Government-backed neighborhood groups are going door to door in southern China’s gritty business capital with a set of simple requests: Please stop spitting in public, cutting in bus lines and talking loudly in the streets.

It’s all part of a campaign in Guangzhou, China’s third-wealthiest metropolis, to win the coveted “Civilized City” award - an annual ritual that sparks months of frantic scrubbing and buffing in cities across China.

Women wearing red armbands patrol the streets and pick up cigarette butts. Volunteer crossing guards with yellow flags and whistles make sure people wait for green lights. Beggars, even those with legs withered by polio, are banished from their usual haunts on pedestrian bridges.

While some citizens remain skeptical of the cleanup drive, it jibes with Chinese leaders’ goal of shifting away from the blind pursuit of blistering economic growth at any cost. They want to focus more on creating a spiffier, healthier, more cultured and harmonious society.

Each year, the central government awards the prized designation to one or more cities, and it is a big deal for Guangzhou, once known as Canton, as it tries to shed a reputation for being dirty and crime-ridden. Next year, this historic port city of 10 million people hosts the Asian Games - the region’s equivalent of the Olympics - that will draw 25,000 athletes, coaches and journalists from 45 countries.

“We have a saying: If you haven’t been robbed, you’re not a real Guangzhou person,” said Wu Enwei, a 33-year-old businesswoman whose cell phone was snatched from her hand on the sidewalk a few years ago.

“The crime situation has improved, but I still think Beijing and Shanghai are much better,” Ms. Wu said.

The civility campaign also highlights how the Communist Party still likes to indulge in often heavy-handed Big Brother social engineering, reaching deep into people’s lives - or at least their living rooms - to try to mold the masses.

Beijing launched a similar campaign before the 2008 Olympics, trying to curb spitting, jumping ahead in line, littering and reckless driving.

In Guangzhou, members of neighborhood committees, government-backed councils that monitor households, are knocking on doors in the evening and handing out a survey and brochures about improving civil behavior.

Getting the public to support such campaigns is harder now in China. The dramatic changes in society that began with the economic reforms 30 years have given people more freedom in their private lives. Most don’t depend on the government to find them a job and an apartment.
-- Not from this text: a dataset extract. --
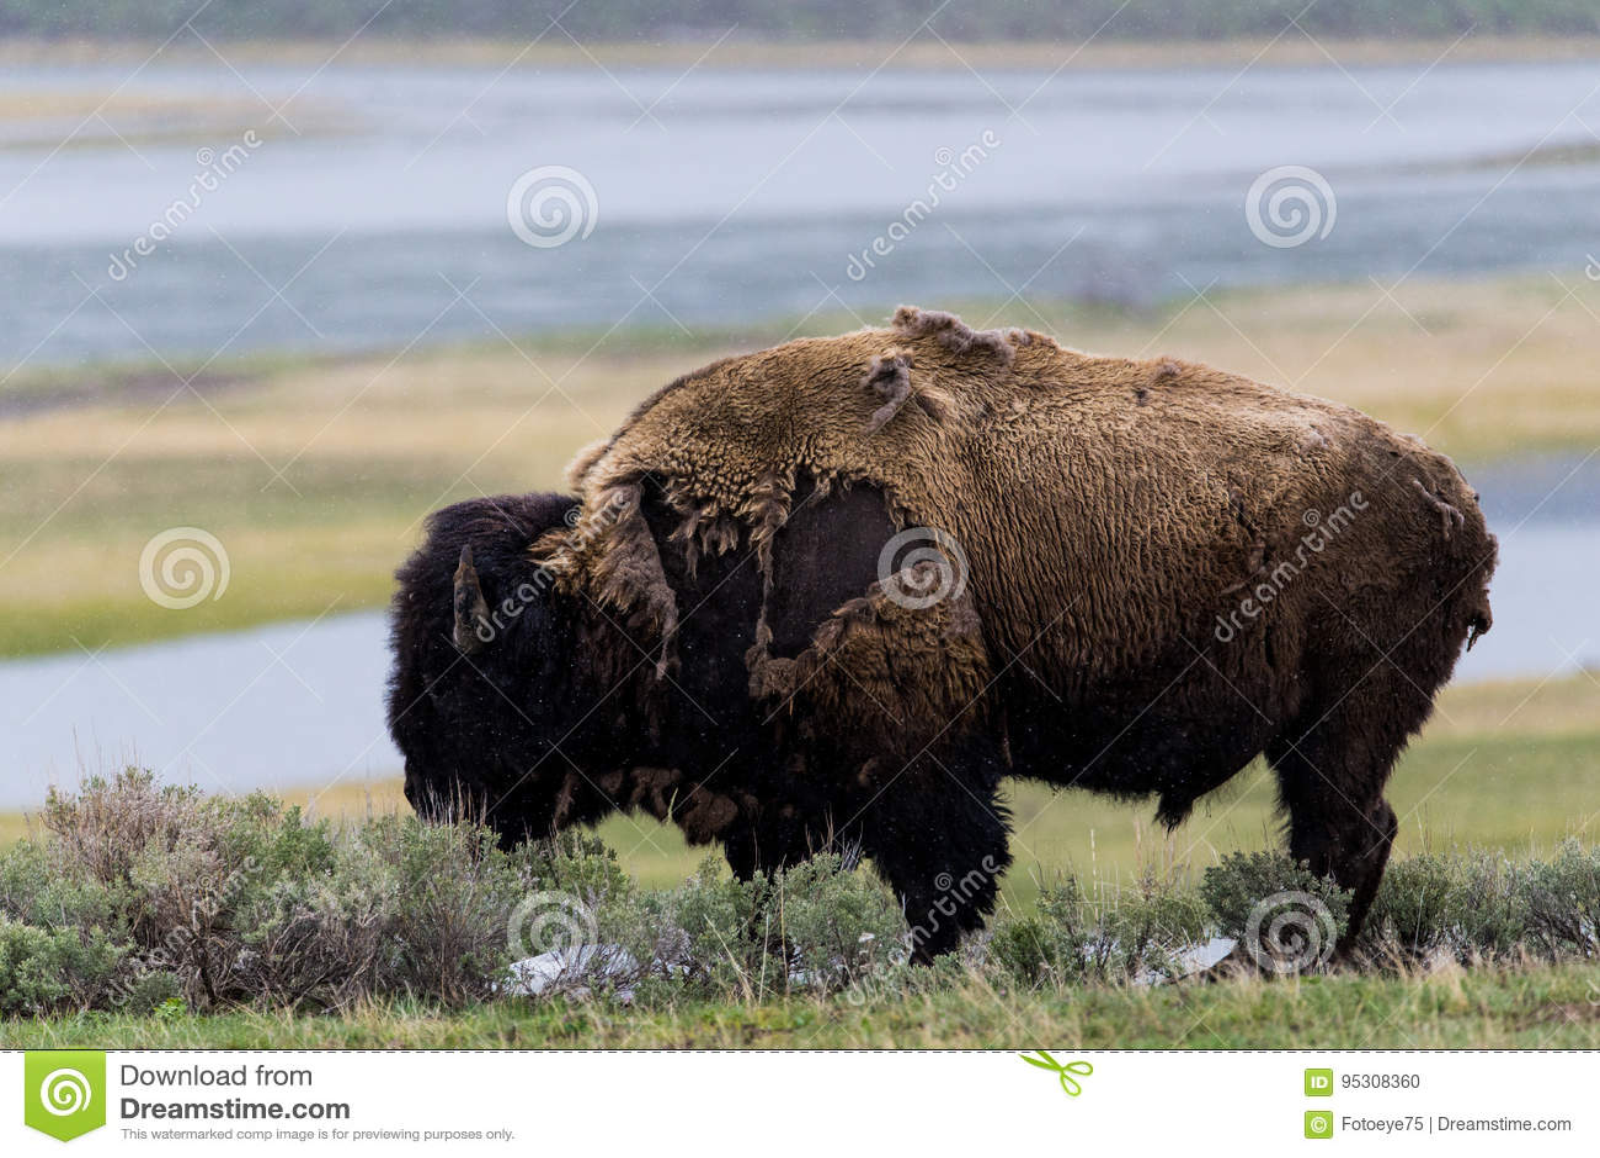 wild bison buffalo grazing - Yellowstone National Park - mountain wildlife

Many have also developed a deep cynicism and suspicion about Beijing’s edicts and campaigns. They can ignore the propaganda or be unenthusiastic without worrying too much about being branded an anti-revolutionary and sent to prison.

One 20-year-old college student who was serving as a crosswalk guard in downtown Guangzhou said his parents, who work for the government, forced him to volunteer for the duty. He looked embarrassed and bored as he stood on the curb wearing a yellow sash and carrying a matching flag that said, “Please wait for the green light.”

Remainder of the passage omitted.